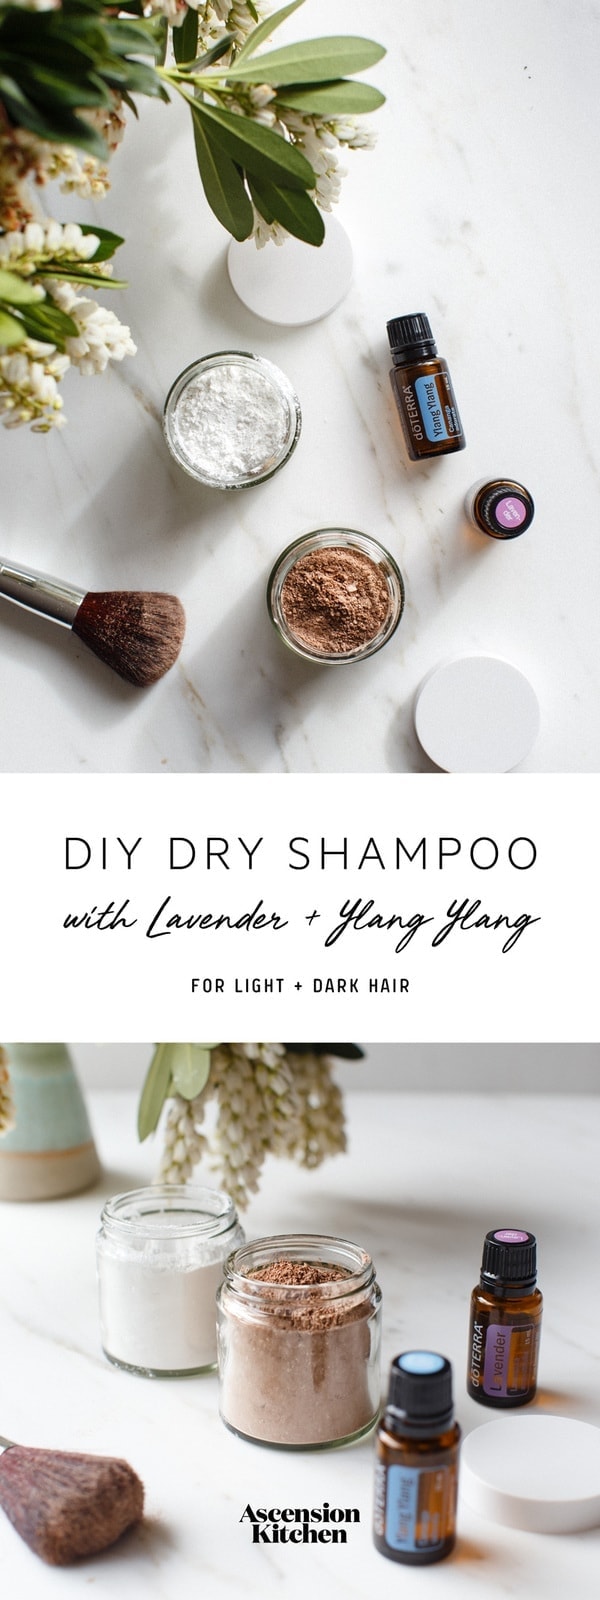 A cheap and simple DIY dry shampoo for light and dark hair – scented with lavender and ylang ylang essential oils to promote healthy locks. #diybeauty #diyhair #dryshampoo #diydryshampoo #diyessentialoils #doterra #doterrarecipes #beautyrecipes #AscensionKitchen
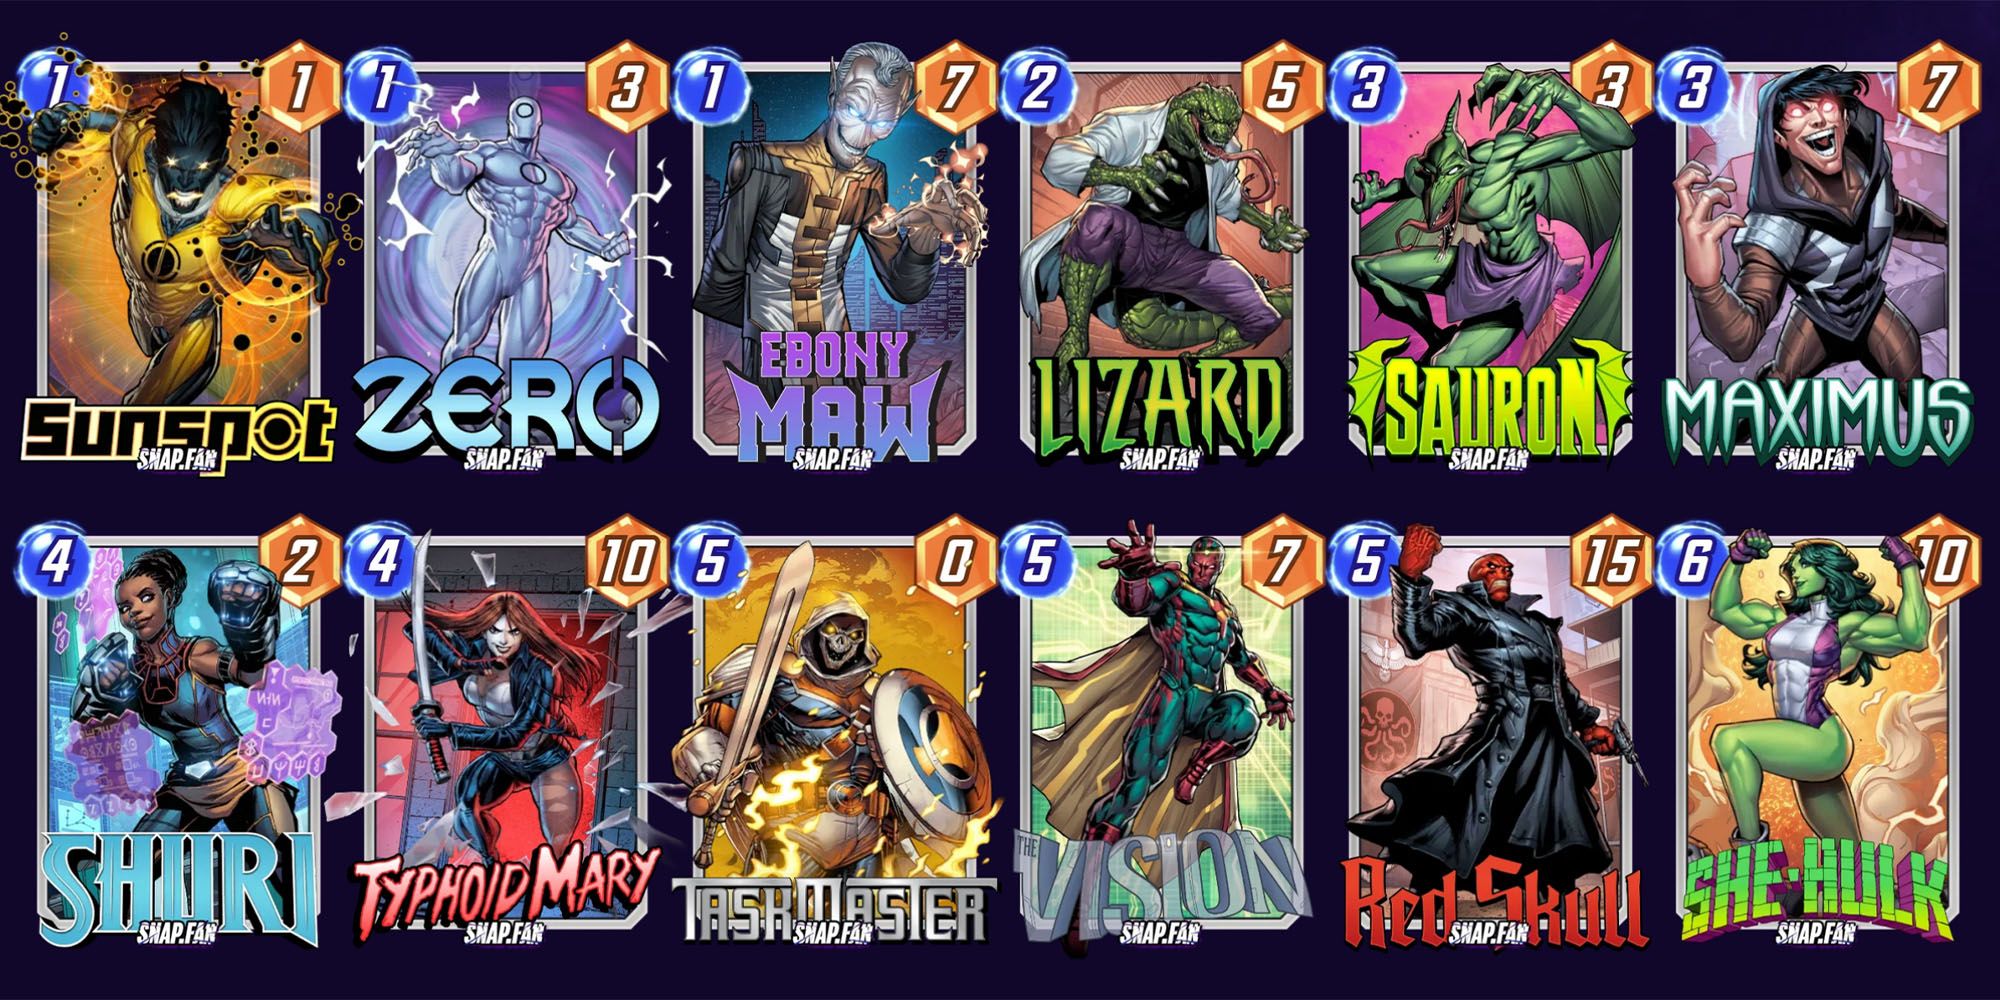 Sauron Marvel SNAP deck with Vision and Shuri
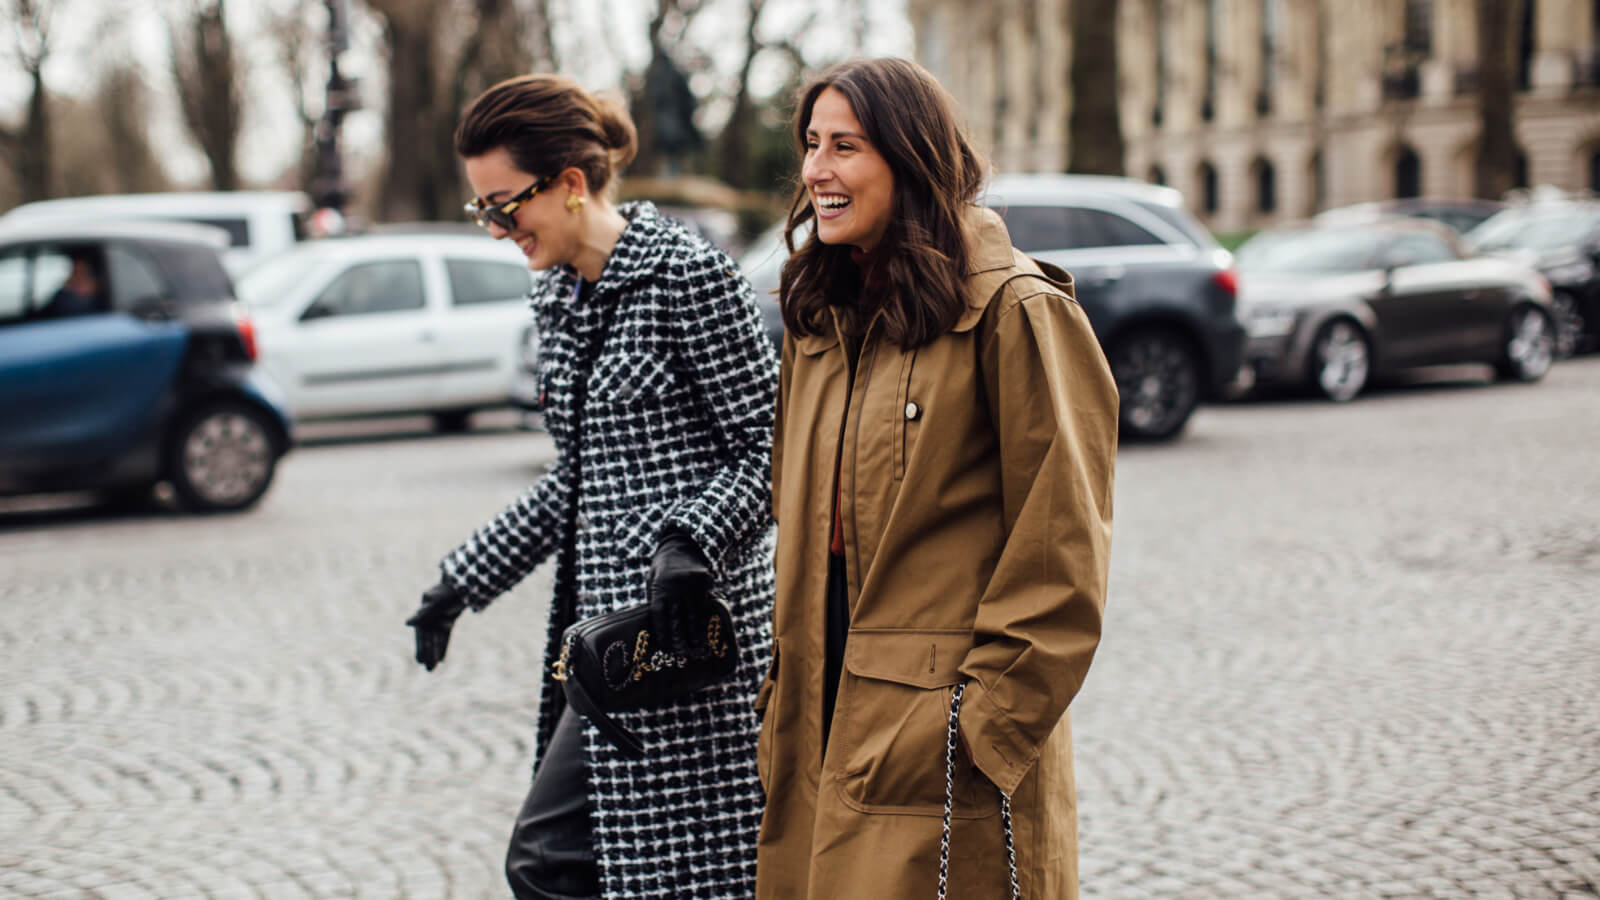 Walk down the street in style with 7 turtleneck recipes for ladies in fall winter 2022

#####

• **BRIEF**: Exact copy, no images: rewrite the entire listing above.

• **RESPONSE TO THIS EXERCISE**:
 A cheap and simple DIY dry shampoo for light and dark hair – scented with lavender and ylang ylang essential oils to promote healthy locks. #diybeauty #diyhair #dryshampoo #diydryshampoo #diyessentialoils #doterra #doterrarecipes #beautyrecipes #AscensionKitchen
 Sauron Marvel SNAP deck with Vision and Shuri
 Walk down the street in style with 7 turtleneck recipes for ladies in fall winter 2022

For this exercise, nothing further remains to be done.